Data augmentation instead of explicit regularization

This is the main project of my PhD. I came up with the idea after linking several observations: 1) Data augmentation seemed to provide much larger generalization gains than weight decay or dropout. 2) Weight decay and dropout are very sensitive to tuning their hyperparameters. 3) The deep learning literature lacked a systematic analysis of how these techniques interact with each other. The main conclusion is that weight decay and dropout seem unnecessary and they can be safely replaced by data augmentation.

In order to contrast data augmentation and explicit regularization (weight decay and dropout), we trained different network architectures on several benchmark data sets for image object recognition, turning on and off the regularizers and with different data augmentation schemes. Besides, we vary the amount of available training data and the depth of the architectures.

In general, we find that data augmentation has many advantages over explicit regularization: first, in the vast majority of the experiments, training with only data augmentation outperforms training with both explicit regularization and data augmentation, as opposed to the common practice in deep learning.

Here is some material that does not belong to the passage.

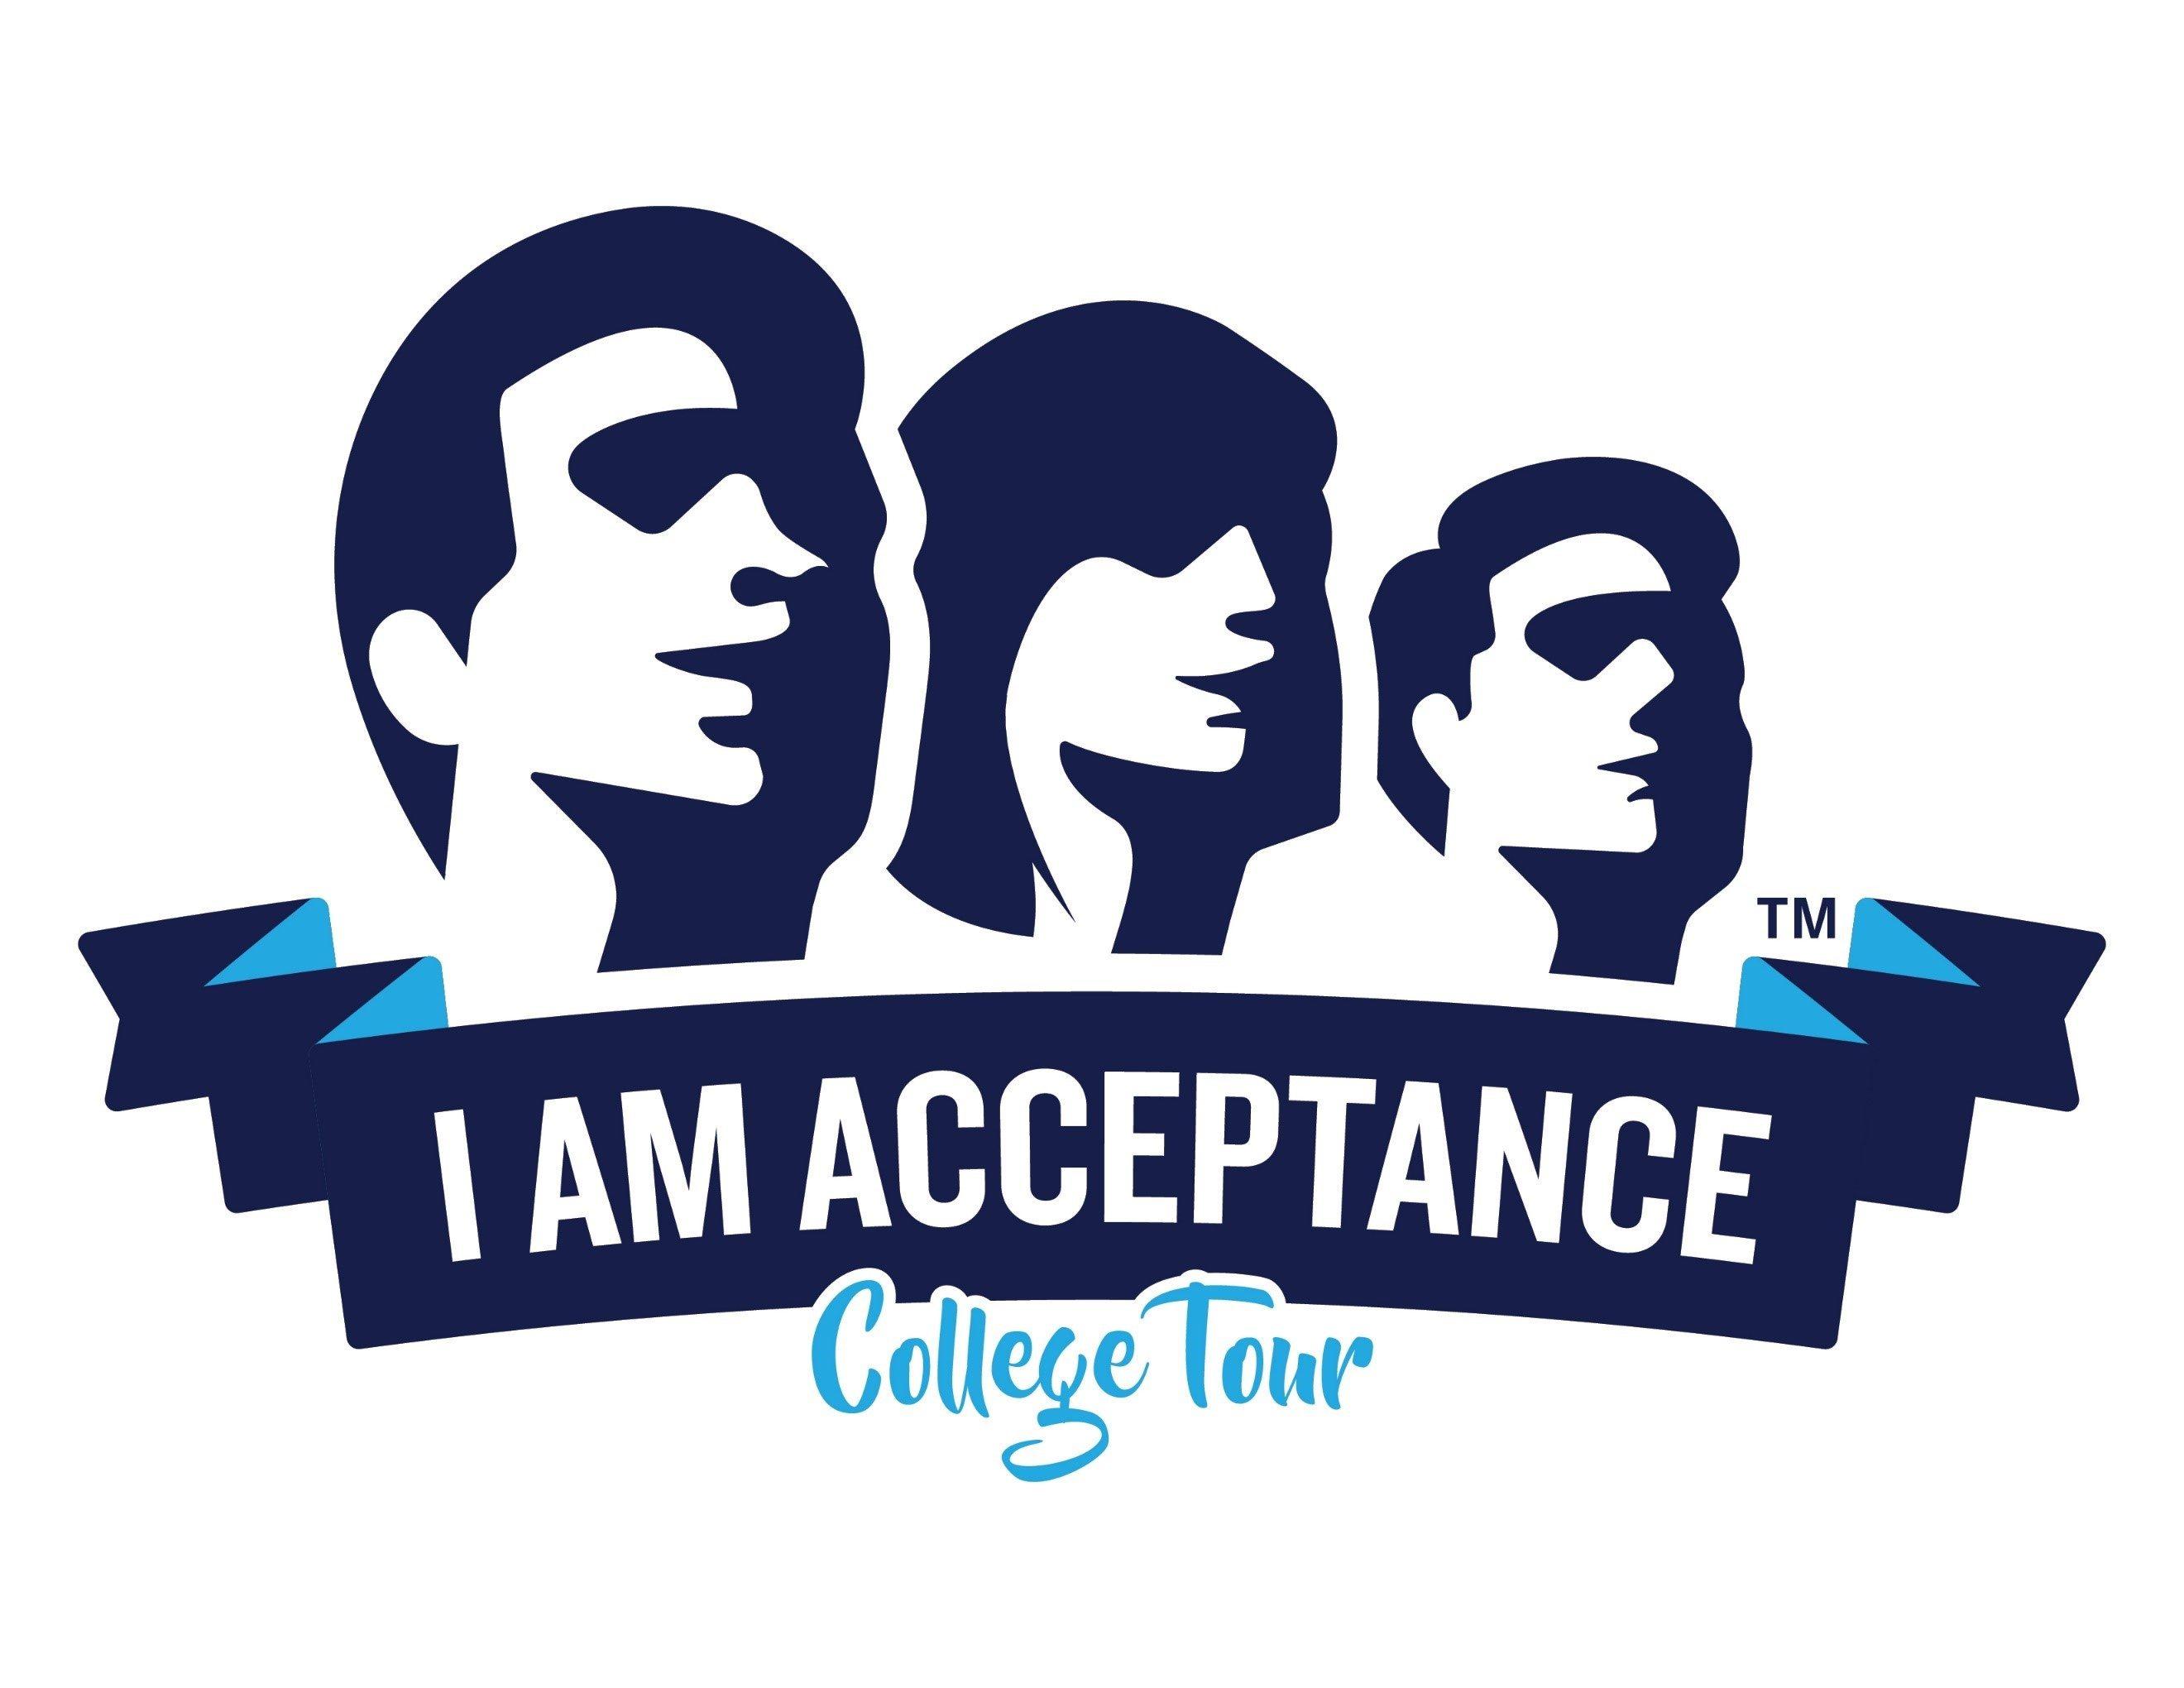 IAmAcceptance_logo_CT (smaill) (1)

Critically, the superiority of data augmentation becomes much larger if the available training data is scarce or if the architecture changes, because the hyperparameters of weight decay and dropout are very sensitive to such changes.

Furthermore, we have recently shown that deep neural networks trained with heavier data augmentation seem to learn representations that more closely resemble those in the inferior temporal (IT) cortex of the human visual cortex, that is the highest-level region in the object recognition network in the brain.